Witness his pencil-on-lined-paper drawing of a can of Cock Soup, on sale for &1639,500 at London's Belgravia Gallery. The hurried lines that make up the crude little drawing are no doubt precursors to his iconic line of Campbell's Soup cans (now there's an artistic company!), but even with this august pedigree, the makers of Grace Cock Flavoured Soup Mix (Spicy) probably should have spent a little more time coming up with a name for their product.
Despite the prominently displayed rooster on the packaging, it's hard to steer your mind clear of the soup mix's earthier Ecuadorian cousin, sopa de pene, also known as "cock soup."

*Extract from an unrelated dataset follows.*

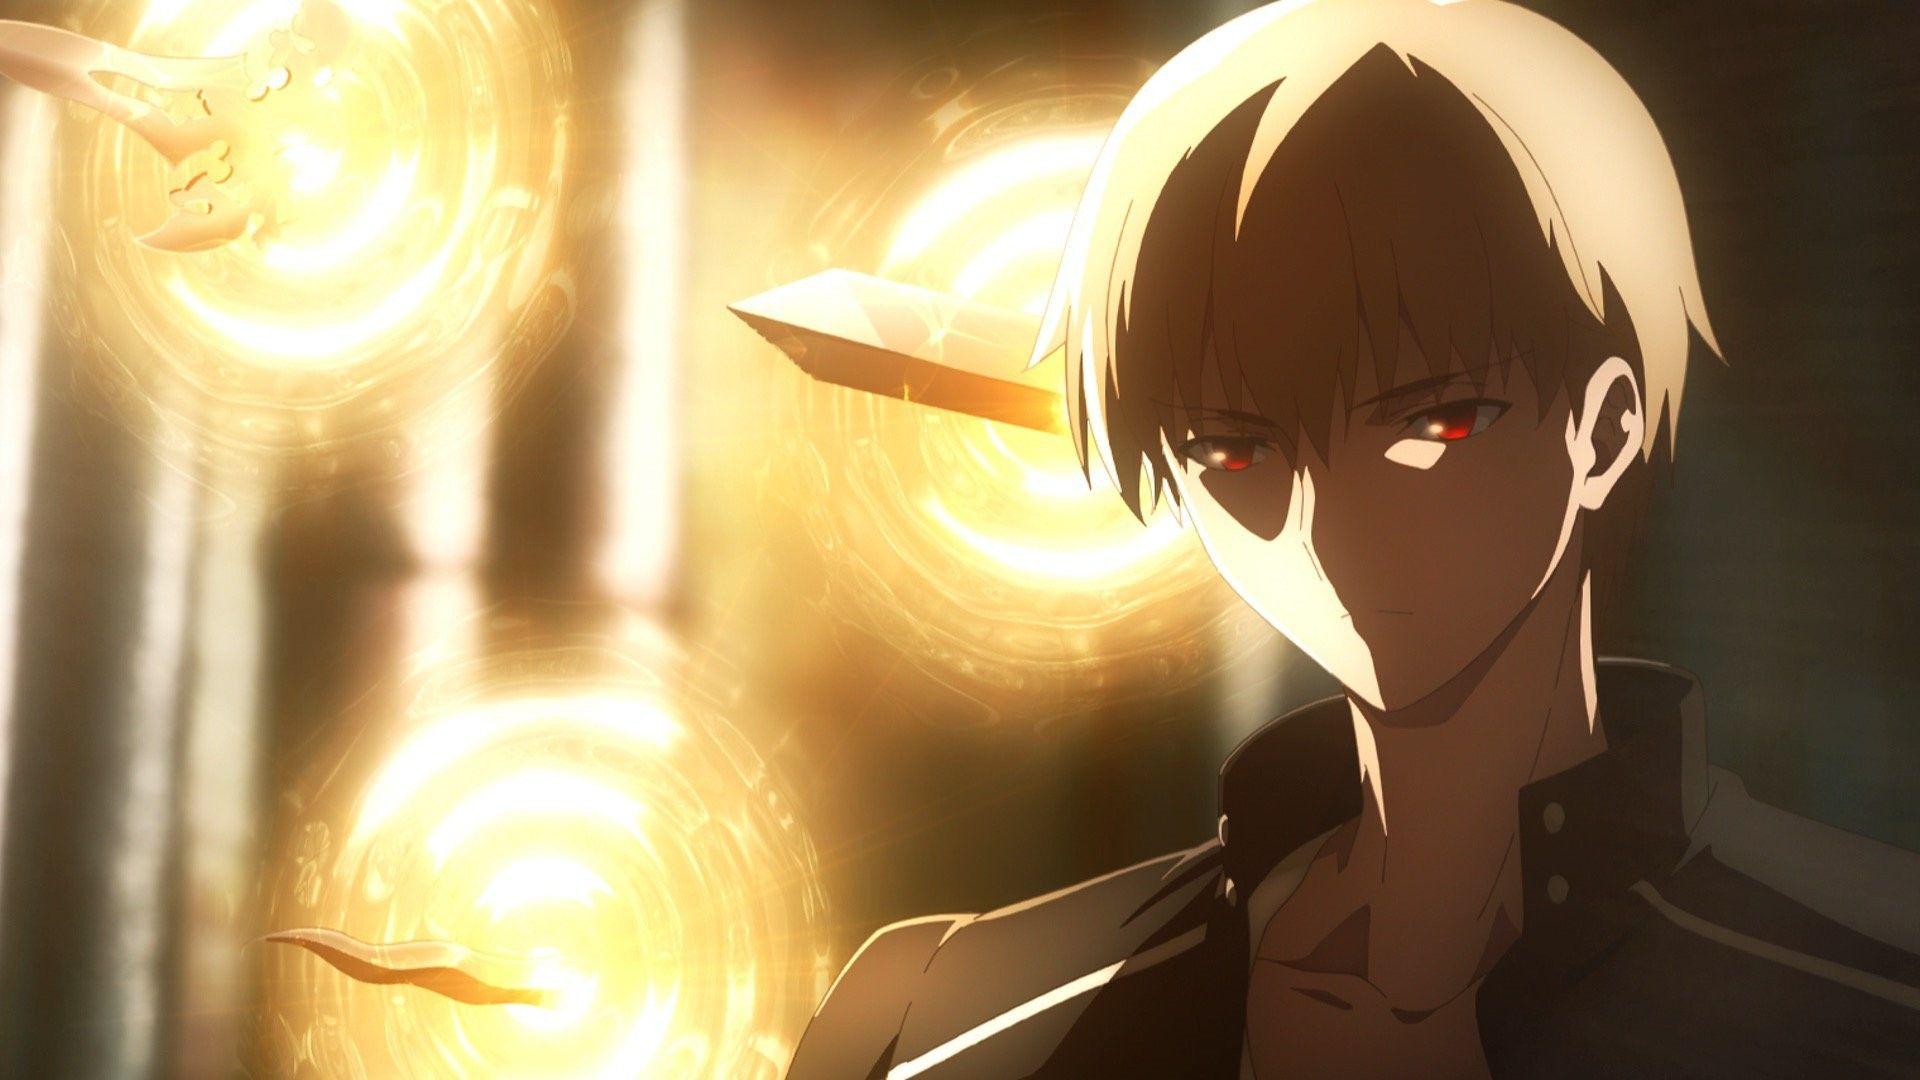 gilgamesh Fate anime series, Anime, Gilgamesh fate

Made by boiling seasoned bull-penis medallions and topping the broth with soft cheese, sopa de pene is traditionally eaten by Ecuadorian boys as they undergo a rite of passage.
I've never tasted true sopa de pene, but I can tell you that the ingredient list on a package of Grace Cock Flavoured Soup Mix (Spicy) contains nary a mention of penis, testes, taurine or "soft cheese."
Instead, the chefs in Grace's kitchen have larded their sachets of dehydrated cock soup with more exotic ingredients like disodium inosinate, thiamine mononitrate, BHA and BHT. In fact, I don't see a single reference in the entire ingredients list to poultry or beef. Those must fall under the "Natural and Artificial Flavours" listing toward the bottom.
So how am I to discern whether those "Natural and Artificial Flavours" are meant to ape the blood-engorged intensity of a boiled bull penis, or the sensible red-meat alternative that is a chicken breast by the rooster on the label?
I think not.
The watery broth carries a faint note of the "Spices" listed among the ingredients, and the overall flavor is reminiscent of countless salty rehydrated stocks, but as far as revealing a soup species or even a class, for that matter a bowl of Grace Cock Flavoured Soup Mix (Spicy) is as mute as a Warhol Screen Test.